Sa mise en scène des merveilleux paysages que le film traverse en rend parfaitement compte. Grâce à l’aide du chef opérateur français Eric Gautier, il filme avec tendresse et amour la nature comme elle se présente, à la fois sauvage et gracieuse. Ces deux derniers adjectifs pourraient aussi bien décrire le jeune Emile Hirsch, acteur incroyable qui s’impose avec naturel à l’écran, et sait se fondre habilement dans un paysage, à l’image de cette très belle scène où il court au milieu de chevaux sauvages. Into the wild nous donne une leçon de photographie des grands espaces, si bien que le film en devient parfois trop beau tant on abuse des couchers de soleil, des vols d’oiseaux, et surtout d’une musique extra-diégétique (fort belle pourtant) qui à la longue lasse. D’une manière générale, c’est un peu tout le film qui répond de ce procédé formel. Les plans sont souvent très courts, l’action toujours découpée le plus possible (on pense au moment où Chris/Alex plonge dans l’eau par exemple), et la voix off de la narratrice (la soeur du personnage principal) omniprésente au coté de celle du héros lui-même. Sean Penn impose un ton didactique très rythmé à son film, de peur de voir le spectateur s’ennuyer devant une aussi flagrante contemplation de la nature. Si cela dérange par moments, surtout quand le récit semble ne plus pouvoir suivre le rythme des images vers le milieu du film, ce procédé de mise en scène permet à Into the wild d’acquérir un air faussement naïf et utopique, qui prend tout son sens lors des dernières minutes.

Le final tragique du fait divers et donc du film, qui voient Christopher mourir à petit feu après s’être involontairement empoisonné en mangeant une mauvais herbe, permet au discours de Sean Penn de retomber vers un pessimisme raisonnable.
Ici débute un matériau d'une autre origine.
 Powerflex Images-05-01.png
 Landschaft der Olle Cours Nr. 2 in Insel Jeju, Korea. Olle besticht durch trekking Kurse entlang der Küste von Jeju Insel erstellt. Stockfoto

La mort du héros en milieu naturel ne suffit pas à elle seule à dire que cette aventure ne relevait finalement que de l’utopie, et donc d’une impossibilité qui soulignait qu’au fond, nous sommes tous destinés à vivre dans nos sociétés respectives en en acceptant ses valeurs, bonnes et mauvaises. La force des dernières images du film est de mettre en scène le rêve de Chris de revenir vers sa famille qui l’attend toujours. Mourrant, le jeune homme avait pris soin d’écrire sur un livre, « le bonheur n’est réel que lorsqu’il est partagé ». Il sait que la fin est proche, et que son aventure en Alaska, aussi belle qu’elle ait pu être, n’a pas eu vraiment de sens car restée personnelle. Au regard de cet émouvant final, qui au passage figure un autoportrait du vrai Christopher McCandless devant son « magic bus », les rencontres faites par le jenue homme pendant les deux années (ou 2h30) passées prennent une valeur inestimable. La morale d’Into the wild est que la vie vaut la peine d’être vécue quand on sait s’entourer d’êtres simples et vertueux au milieu de paysages magnifiques, loin de la modernité d’un monde qui s’éloigne de plus en plus de ses instincts naturels.